Stability AI shipped Stable Audio 3 this week — four model variants spanning music and sound-effects generation, with the production-relevant numbers actually disclosed for once. The family: **small-music** (459M diffusion transformer + 108M SAME-S autoencoder, ~567M total, 2-min max, music only), **small-sfx** (same parameter count, SFX only), **medium** (1.4B DiT + 852M SAME-L, ~2.25B total, 6m20s max, both domains), **large** (2.7B DiT + 852M SAME-L, ~3.55B total, 6m20s max, both domains). 44.1 kHz stereo output throughout. The architectural delta is the SAME autoencoder: **4096× downsampling ratio** via two-stage compression (256× patching + 16× transformer resampling), producing 256-dim latents at ~10.76 Hz for 44.1 kHz input. Prior audio autoencoders run 1024-2048× — Stable Audio's compression is 2-4× tighter, which is what makes the latency story possible.
The latency numbers on H200 are the headline: small-music generates 120 seconds of instrumental music in **0.45 seconds**. Medium: 0.78s for 120s music, 0.60s for 5s SFX. Large: 0.81s for 120s music, 0.64s for 5s SFX. Eight-step ping-pong sampling, no classifier-free guidance. That's faster-than-realtime by ~267× on small-music — interactive workflow territory, not batch-only. Quality benchmarks: large hits **FAD 0.101** on 120s instrumental music (Fréchet Audio Distance, lower better) and **CLAP 0.393** for text-audio alignment, with a **4.30/5 musicality MOS** from listener study (vs medium's 4.15). On 5s SFX: large FAD 0.358, CLAP 0.370. Editing capabilities: inpainting (single or multi-region — medium FAD 0.046 for single-region edits) and continuation via causal prefix masking. Outpainting not in scope.

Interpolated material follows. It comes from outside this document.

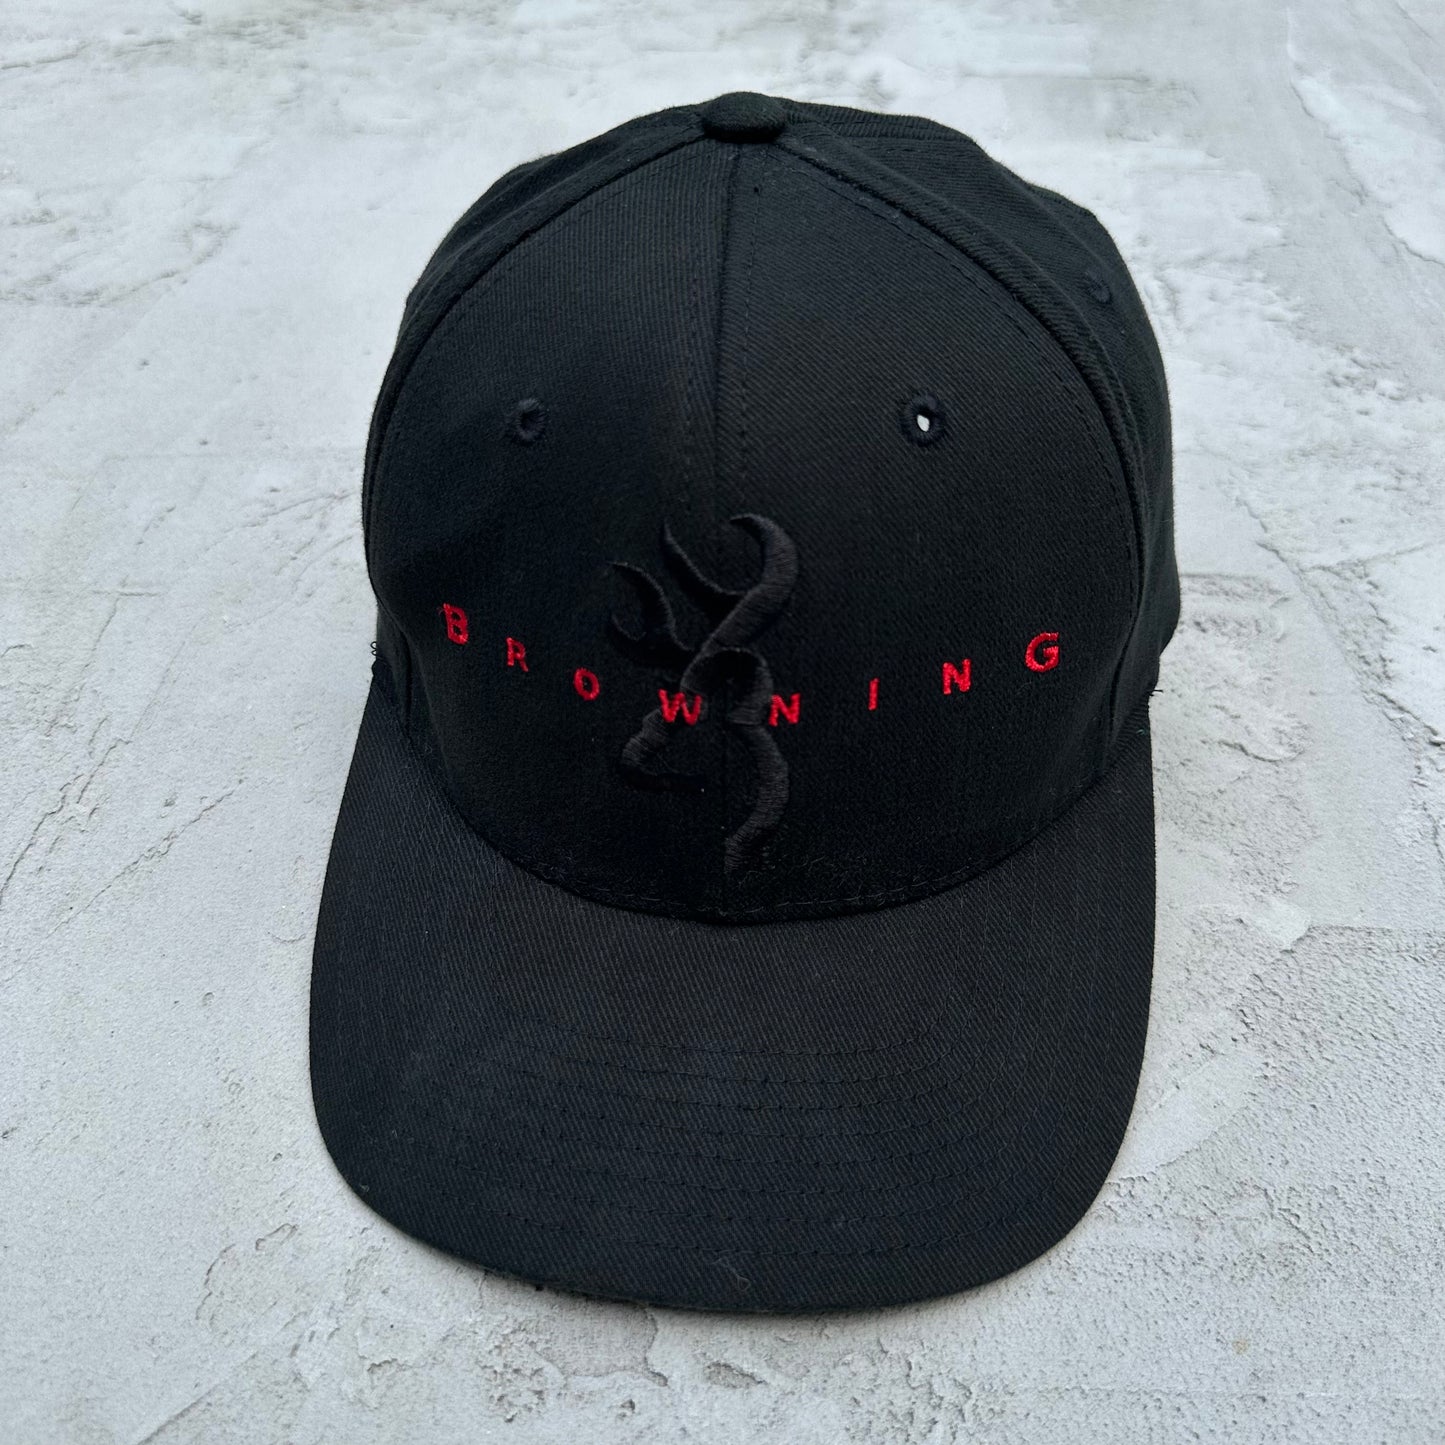 Vintage Browning Hunting Black Red Fitted Hat

Ecosystem read: this is the open-weights move that closes meaningful ground on the closed-source SOTA. Small and medium weights ship on HuggingFace under standard Stability licensing terms; the large variant is gated behind enterprise licensing. The release doesn't publish head-to-head comparisons against MusicGen, Suno, Udio, AudioLDM, or ElevenLabs Music — readers should treat the FAD/CLAP/MOS numbers as Stability's self-reported scoring, not a competitive shootout. For builders deploying audio generation in product, the workflow story is the differentiator: 0.45s for 120s music on H200 means a user-facing app can iterate audio in <1s per prompt without queueing. That's the latency floor that turns audio-gen from "render at submit, wait, deliver" into "scrub a generation parameter, hear the change immediately." Repo: github.com/Stability-AI/stable-audio-3.
Monday morning: if you're building audio-gen into a product (game audio, podcast/video creator tools, accessibility, music apps), test the medium variant locally — it's the sweet spot of open-weight + multi-domain + 6m20s duration. Inpainting at FAD 0.046 means you can offer "regenerate this 4-second section" UX without rebuilding the whole track. The large variant's enterprise gating is the catch — if your product needs the +0.15 musicality MOS improvement, plan for licensing conversations with Stability. Honest unaddressed gaps: no vocal generation discussion (instrumental + SFX only mentioned), no training-data disclosure (copyright questions for commercial music outputs remain open), no head-to-heads vs Suno/Udio (the obvious comps), no comparison to ElevenLabs Music. The open weights at small/medium are the architectural-template release; production deployments need to do their own licensing audit before commercial ship.